= Data to examine =
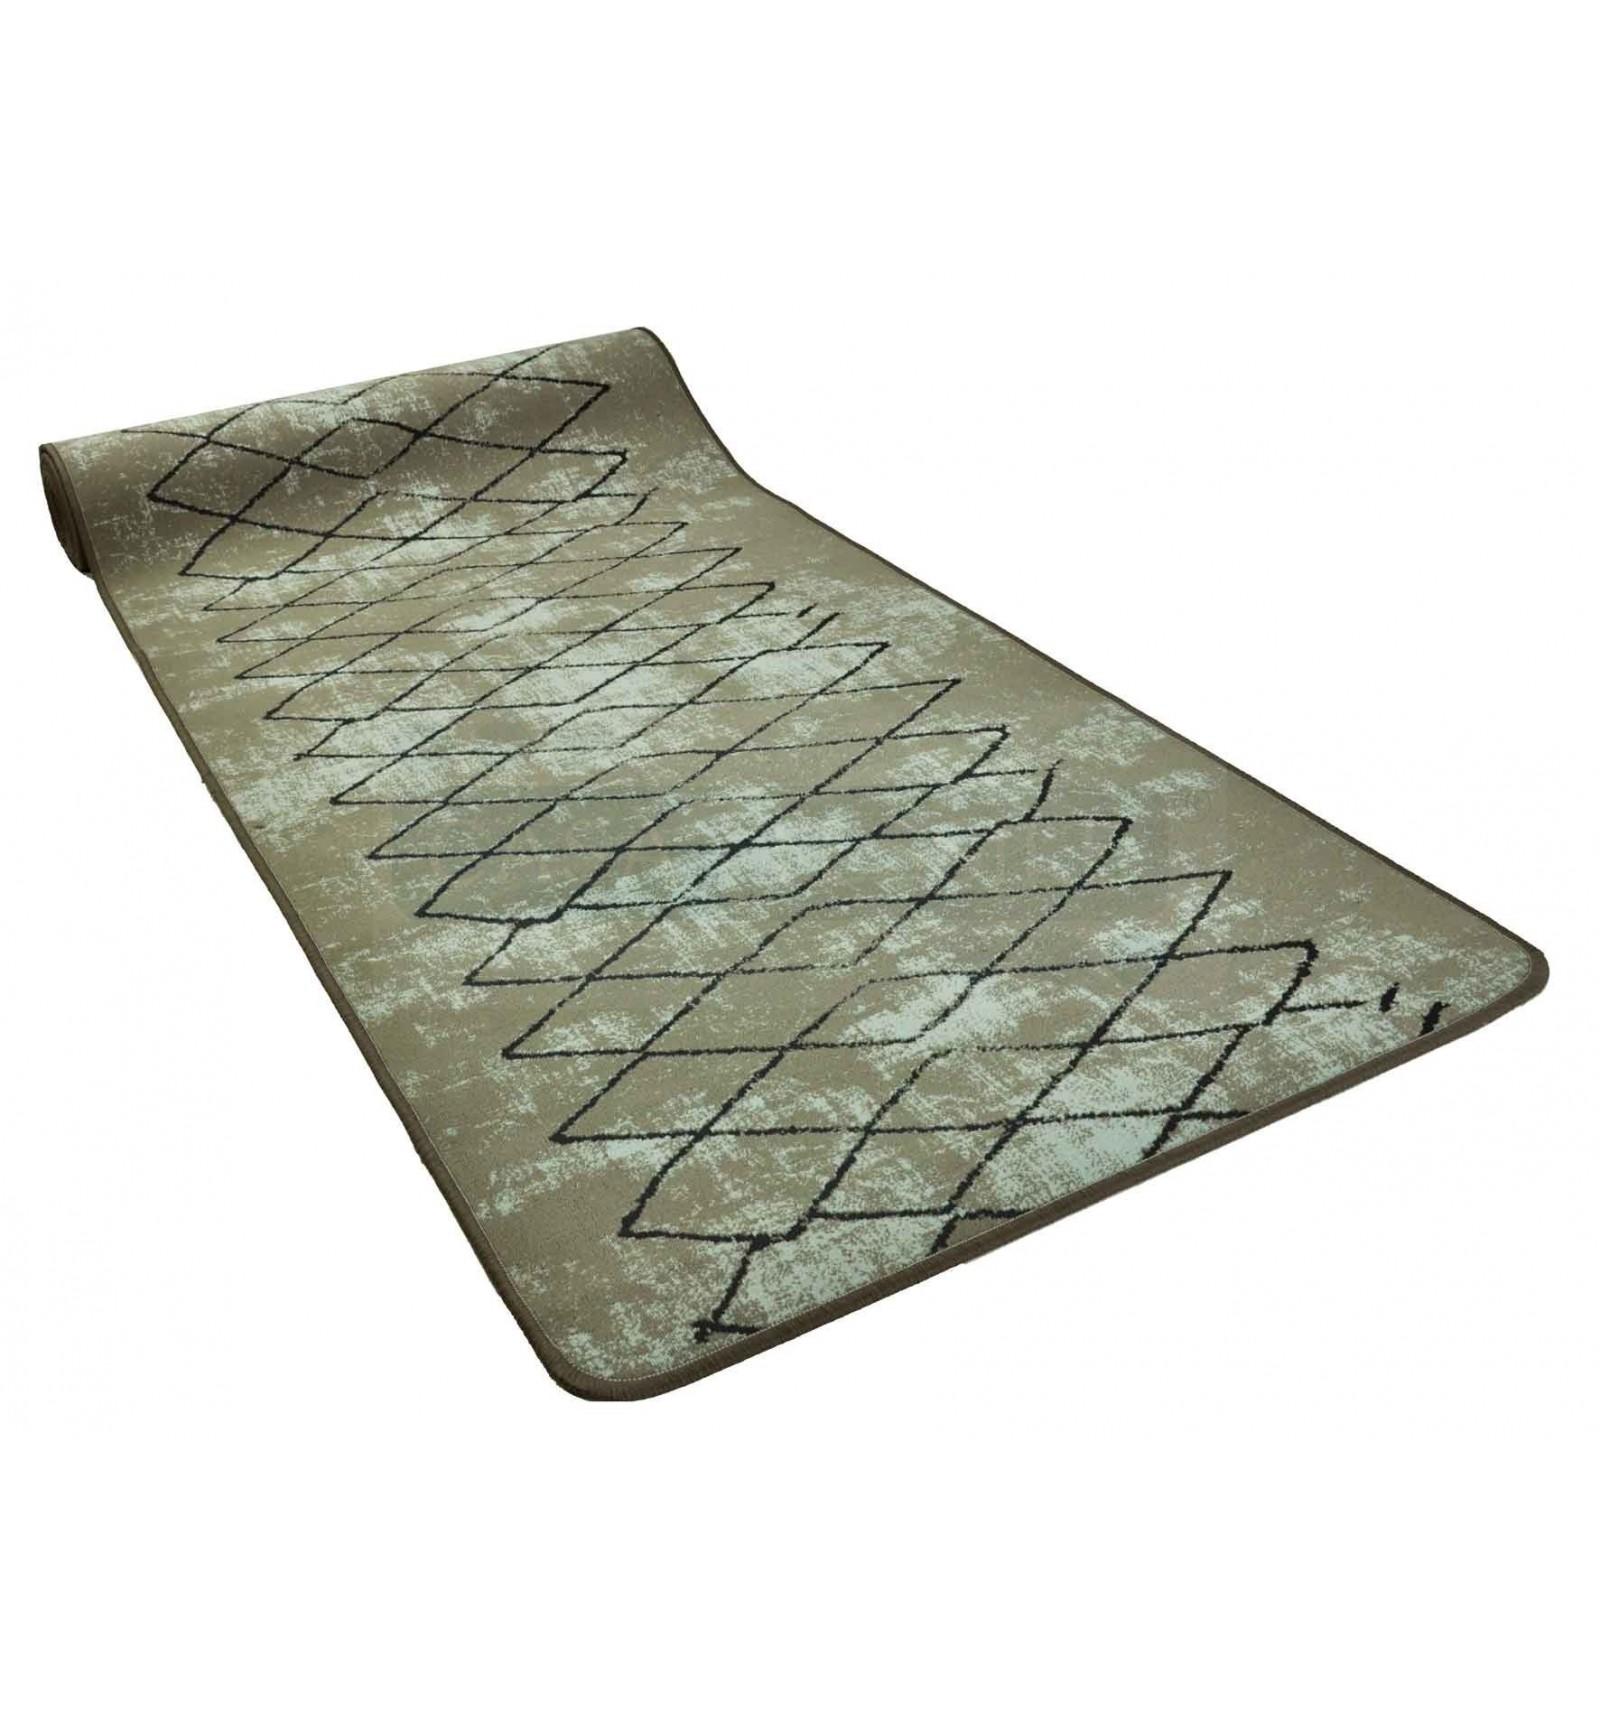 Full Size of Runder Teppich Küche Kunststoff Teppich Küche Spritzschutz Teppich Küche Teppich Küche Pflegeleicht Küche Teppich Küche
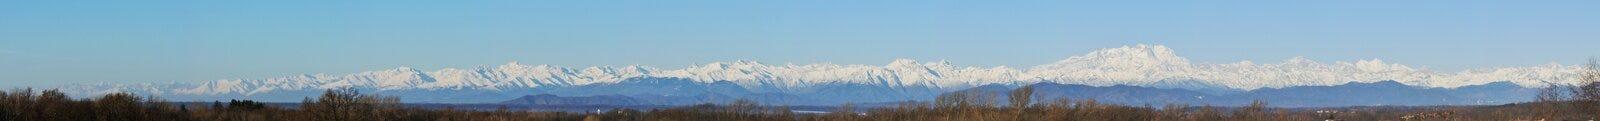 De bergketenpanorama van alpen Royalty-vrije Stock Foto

---

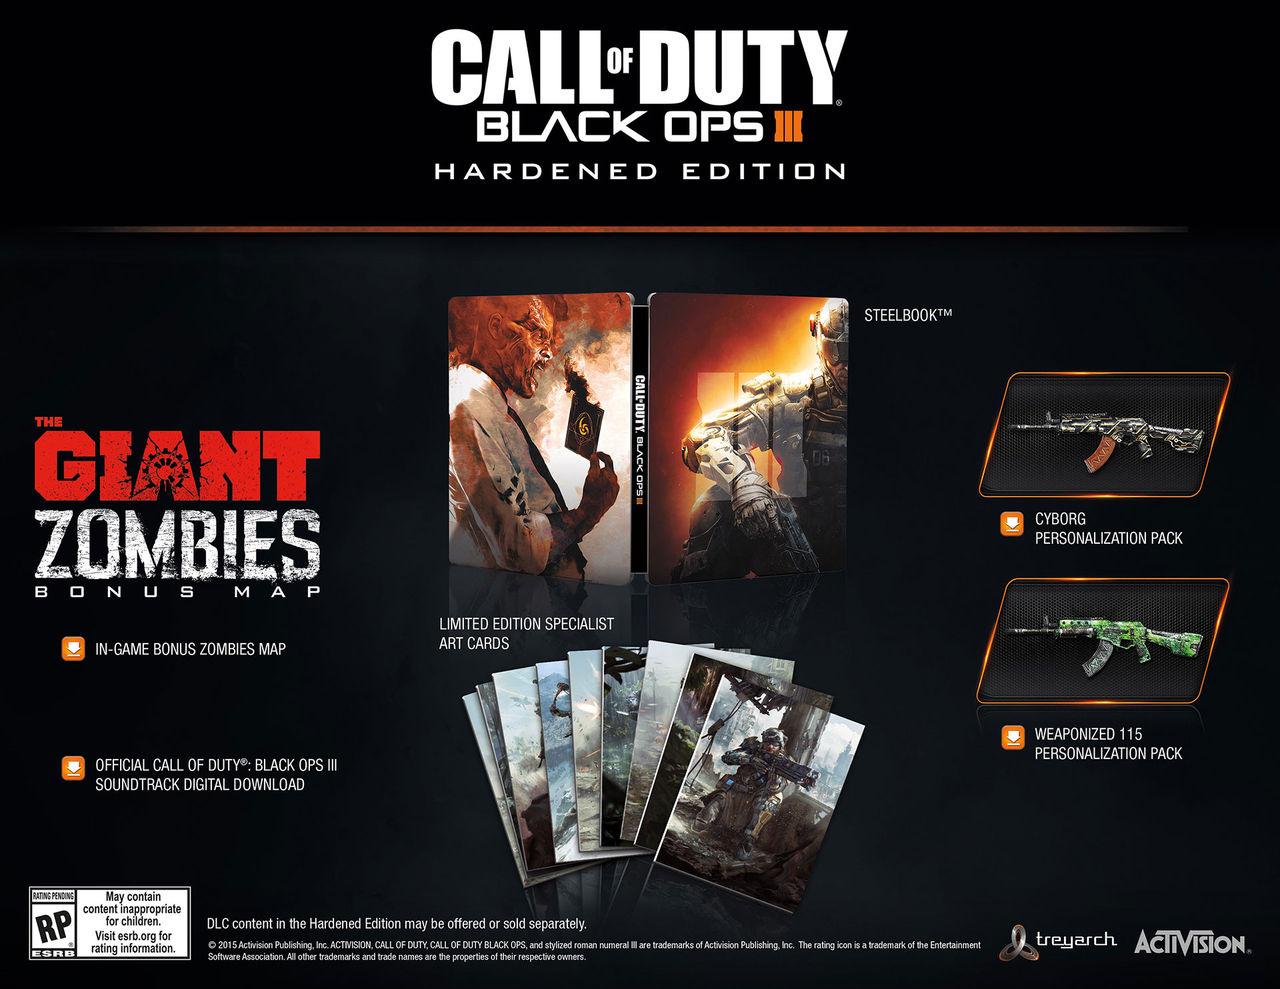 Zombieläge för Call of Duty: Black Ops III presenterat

--

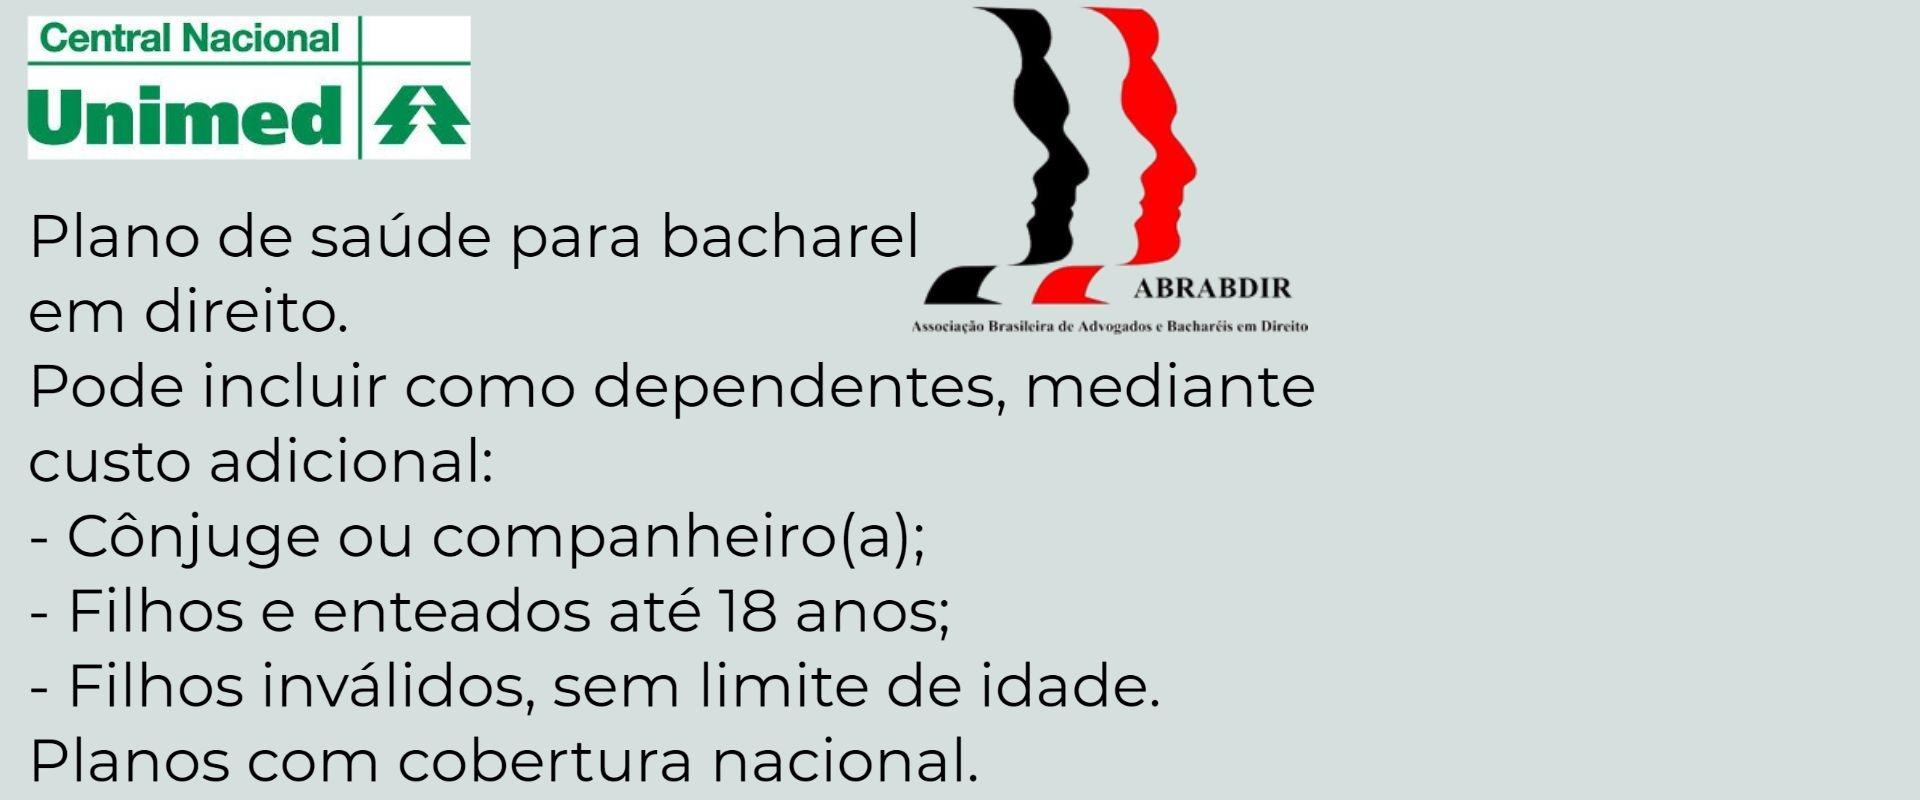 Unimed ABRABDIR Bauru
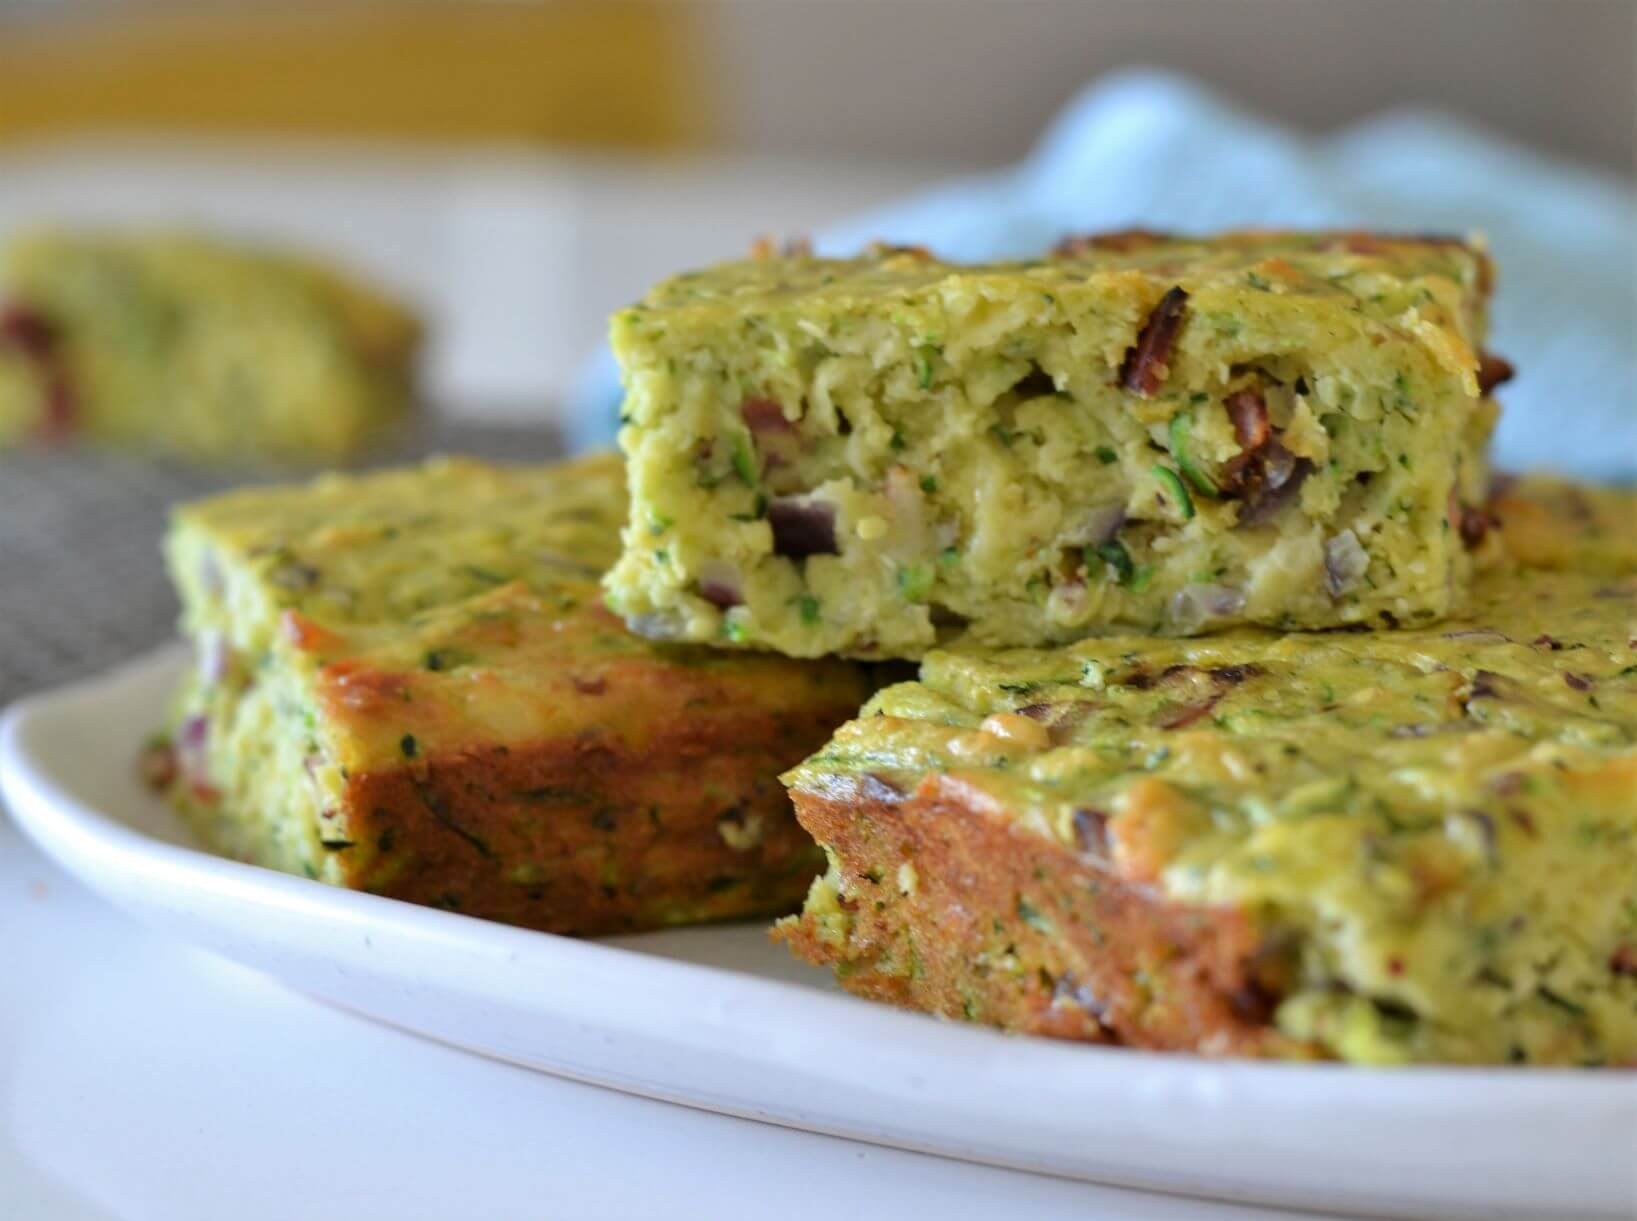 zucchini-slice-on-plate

= Assignment =
Print exactly, with no pictures, the lines above from the one that holds "Full Size of" through the one that holds "De bergketenpanorama van", both of them included.

= Answer for the task =
 Full Size of Runder Teppich Küche Kunststoff Teppich Küche Spritzschutz Teppich Küche Teppich Küche Pflegeleicht Küche Teppich Küche
 De bergketenpanorama van alpen Royalty-vrije Stock Foto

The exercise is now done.